What the exercise asks:
Using the listing below, reproduce exactly the lines from the one with "where-theres-a-wheel-logo" through the last, with all pictures left out.

Collected material:
=====

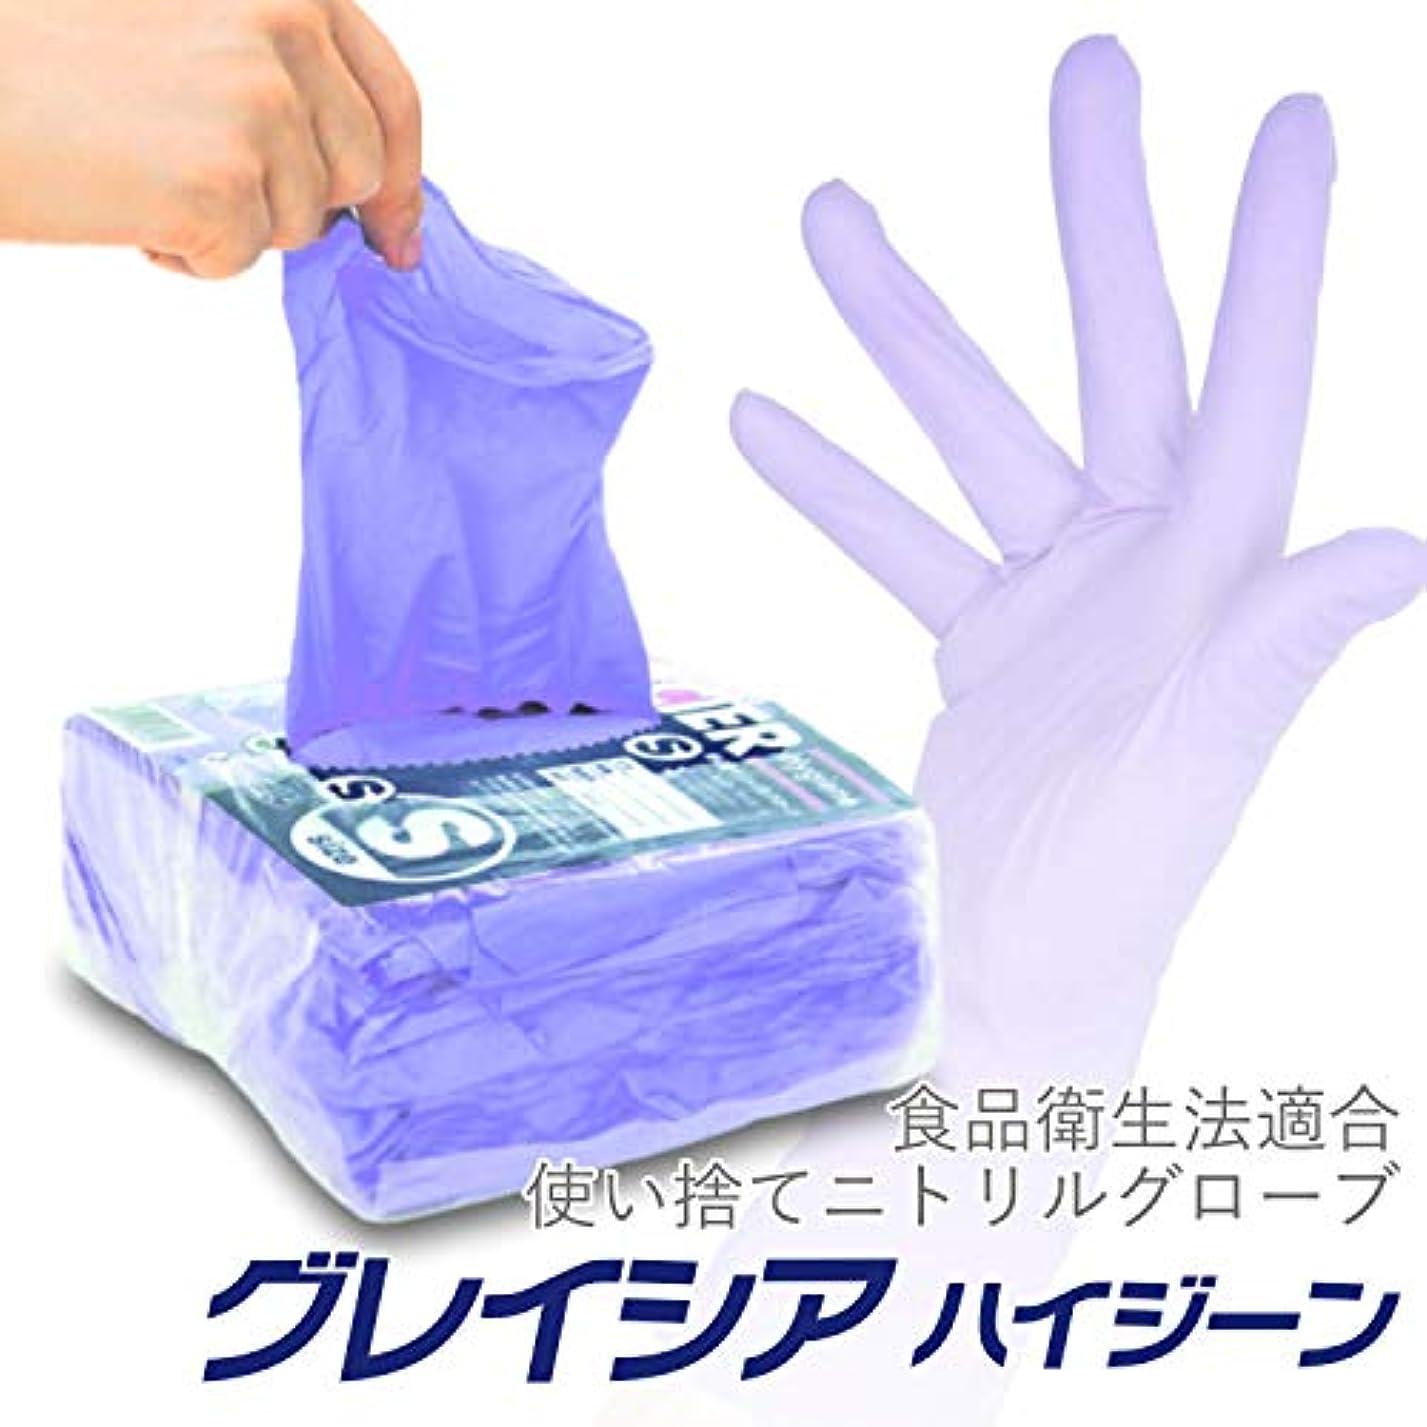 何か踊り子教養がある食品衛生法適合 ニトリル手袋 グレイシアハイジーン Sサイズ 【お徳用:125枚/パック】 GH-02-01
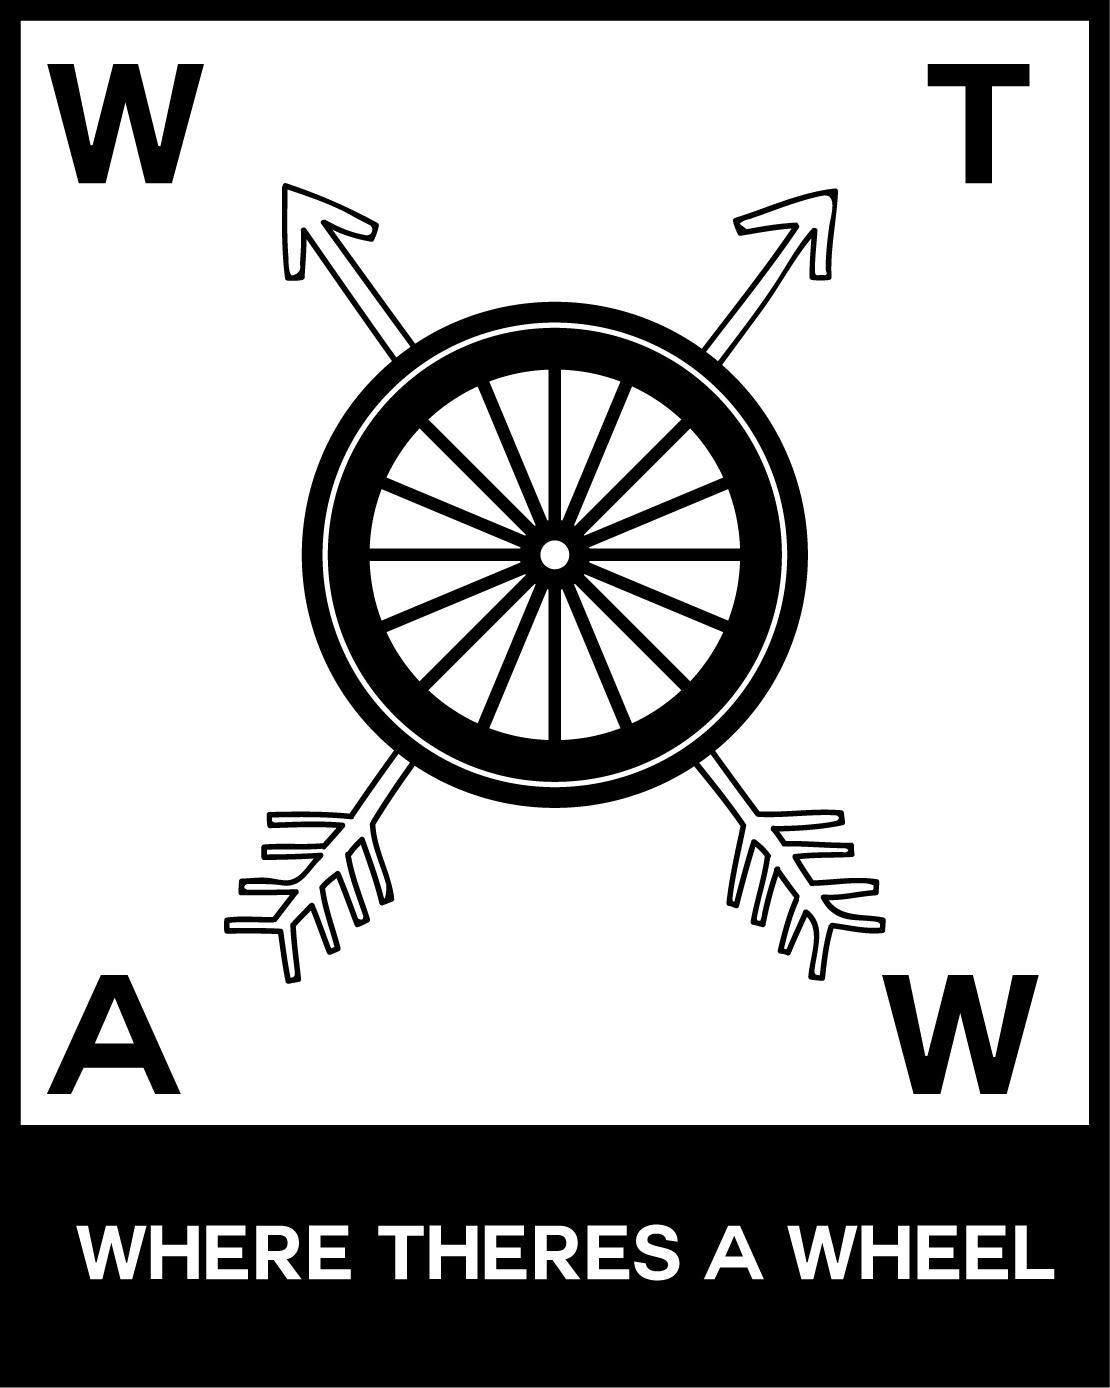 where-theres-a-wheel-logo
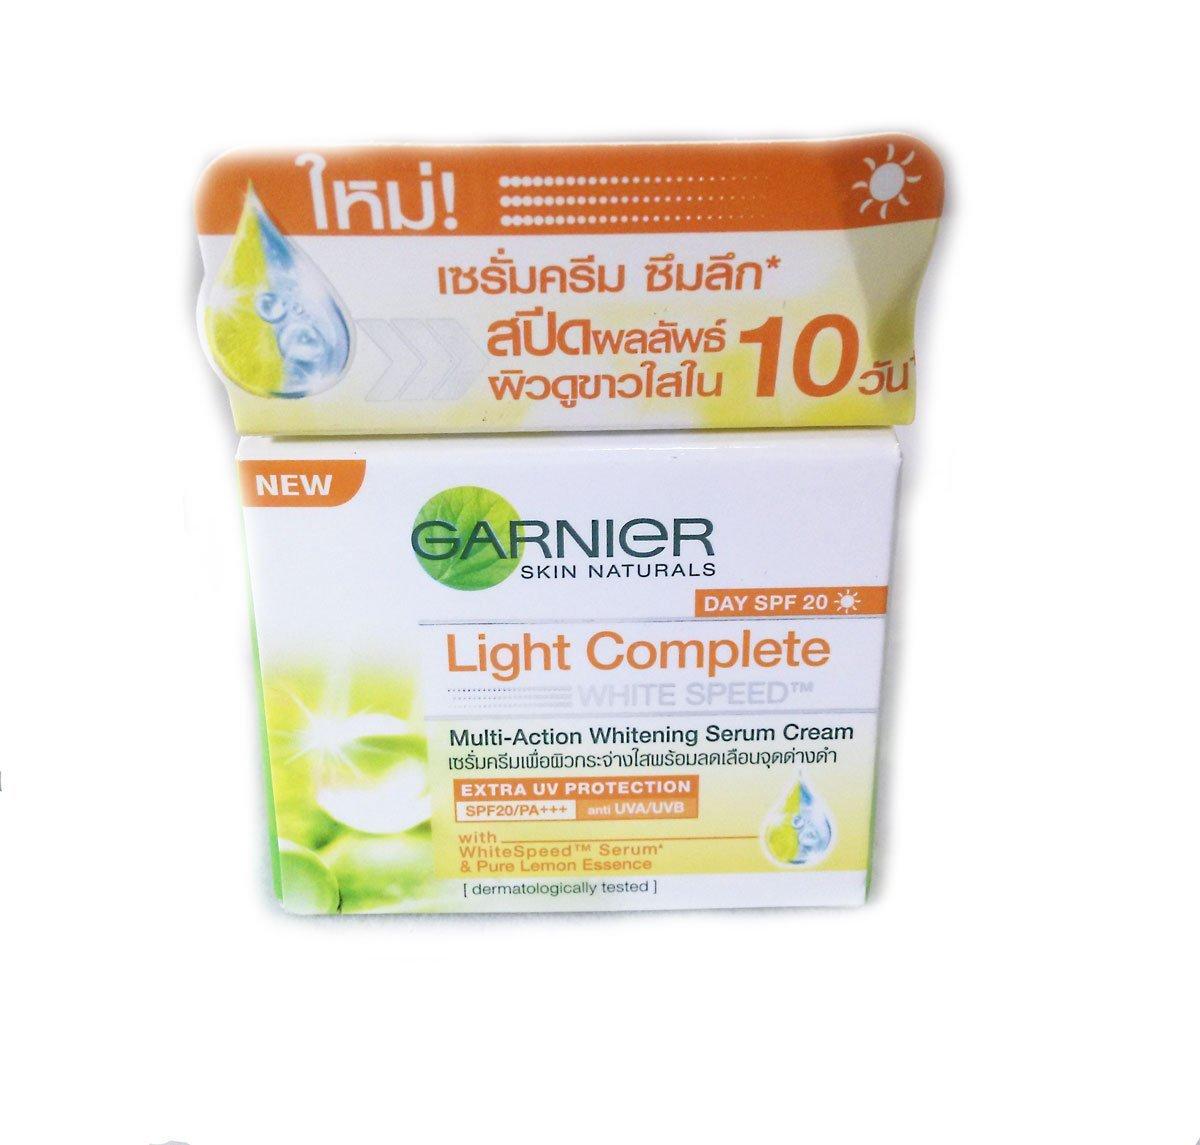 Garnier Light Complete White Speed Day Serum Cream Uvauvb 40 Ml 20 Gr Multi Action Whitening Net Wt 18

=====

Task solution:
 where-theres-a-wheel-logo
 Garnier Light Complete White Speed Day Serum Cream Uvauvb 40 Ml 20 Gr Multi Action Whitening Net Wt 18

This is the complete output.